L’OXYCODONE (Oxycontin® LP, Oxynorm®) (AMM) a un intérêt réel car cette molécule présente l’avantage de ne pas être métabolisée en métabolite actif. Il n’y a donc (en théorie) pas de risque d’accumulation même en présence d’une insuffisance rénale.

L’inconvénient actuel réside dans les dosages qui peuvent être trop élevés pour la population âgée fragile (Oxynorm® 5, équivalent à 10 mg de MORPHINE immédiate, et Oxycontin® 10, équivalent à 20 mg de MORPHINE LP).

Les douleurs neuropathiques étant particulièrement fréquentes avec l’avancée en âge, leur reconnaissance est essentielle à leur prise en charge. Les
antidépresseurs classiques préconisés dans les douleurs à fond continu sont mal tolérés chez la personne âgée quoique le Laroxyl® (AMITRIPTYLINE) utilisé à très faibles doses (non antidépressives) donne des résultats parfois non négligeables. 

Quelques travaux ont montré l’intérêt du Deroxat® (PAROXETINE) dans ce type de douleur.

Pour les douleurs paroxystiques, il est classique d’utiliser le Rivotril® (CLONAZEPAM) dont la forme en goutte permet une adaptation très progressive des posologies selon la tolérance. La posologie est souvent limitée par l’effet sédatif.


Parmi les nouvelles molécules, le Neurontin® (GABAPENTINE) a un profil de tolérance très intéressant chez le sujet âgé. Son AMM est actuellement
limitée aux douleurs post-zostériennes. La PREGABALINE (Lyrica®) aura une AMM plus étendue sur les douleurs neuropathiques périphériques.

Enfin il ne faut pas oublier l’intérêt potentiel de la neurostimulation transcutanée (TENS) dans ce type de douleur lorsque les capacités cognitives
permettent la coopération de la personne âgée douloureuse.

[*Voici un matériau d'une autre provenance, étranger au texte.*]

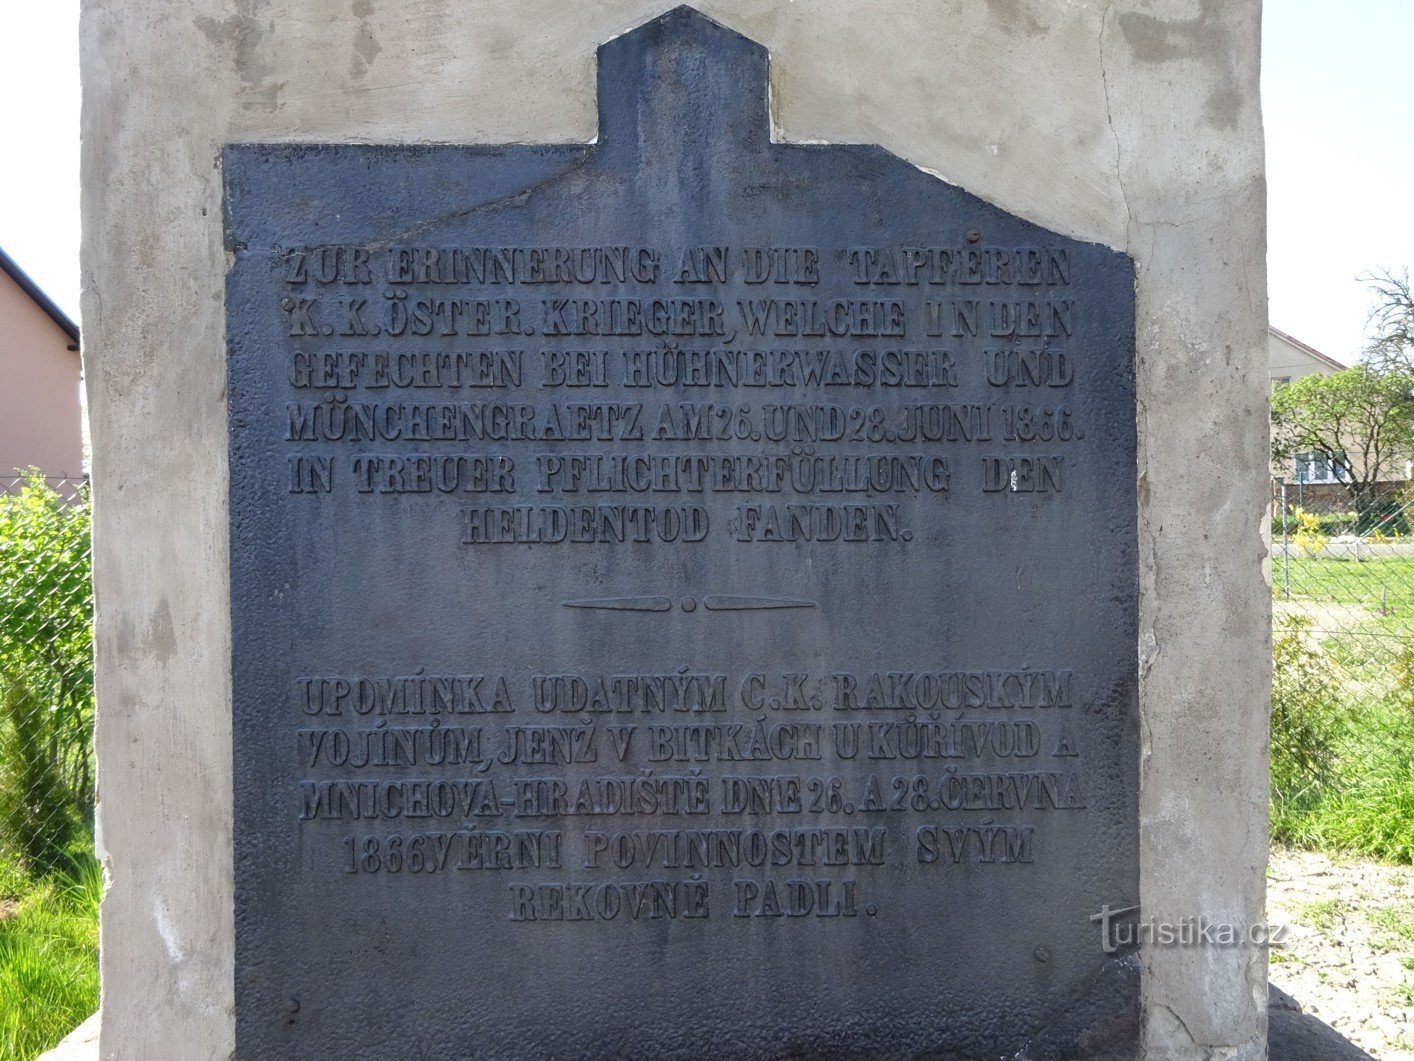 Vuoden 1866 sodan uhrien muistomerkki – Hradiště nad Jizeroun luostari

Outre qu’il doit maîtriser l’utilisation de son arsenal thérapeutique, le médecin doit savoir prescrire à bon escient l’intervention d’un collègue paramédical :

L’infirmière est une auxilliaire précieuse pour prévenir toutes les petites douleurs surajoutées du quotidien, participer à l’éducation du malade âgé (souvent plus longue que chez le malade plus jeune), assurer le suivi des thérapeutiques, et le dépistage des effets indésirables.

La kinésithérapie, les massages, la relaxation, l'hypnose, le soutien cognitivo-comportemental, les orthèses, la psychothérapie de soutien et de nombreuses autres techniques trouveront une place tout à fait justifiée selon les situations.

Enfin il faudra compter avec les possibles ressources du patient et de sa famille et inciter la personne à participer activement à sa prise en charge en prévenant autant que possible des attitudes fatalistes ou doloristes.

L’information du patient âgé et de la famille sera primordiale tant les préjugés vis -à-vis de la douleur et des thérapeutiques sont enracinés dans la culture. Là encore mieux vaut être persévérant et, tout en s’appuyant sur une relation de confiance, ne pas aller trop vite dans notre désir de soulager car des
effets indésirables non expliqués ou trop importants altéreront rapidement l’adhésion du patient âgé à nos thérapeutiques prétendues salvatrices.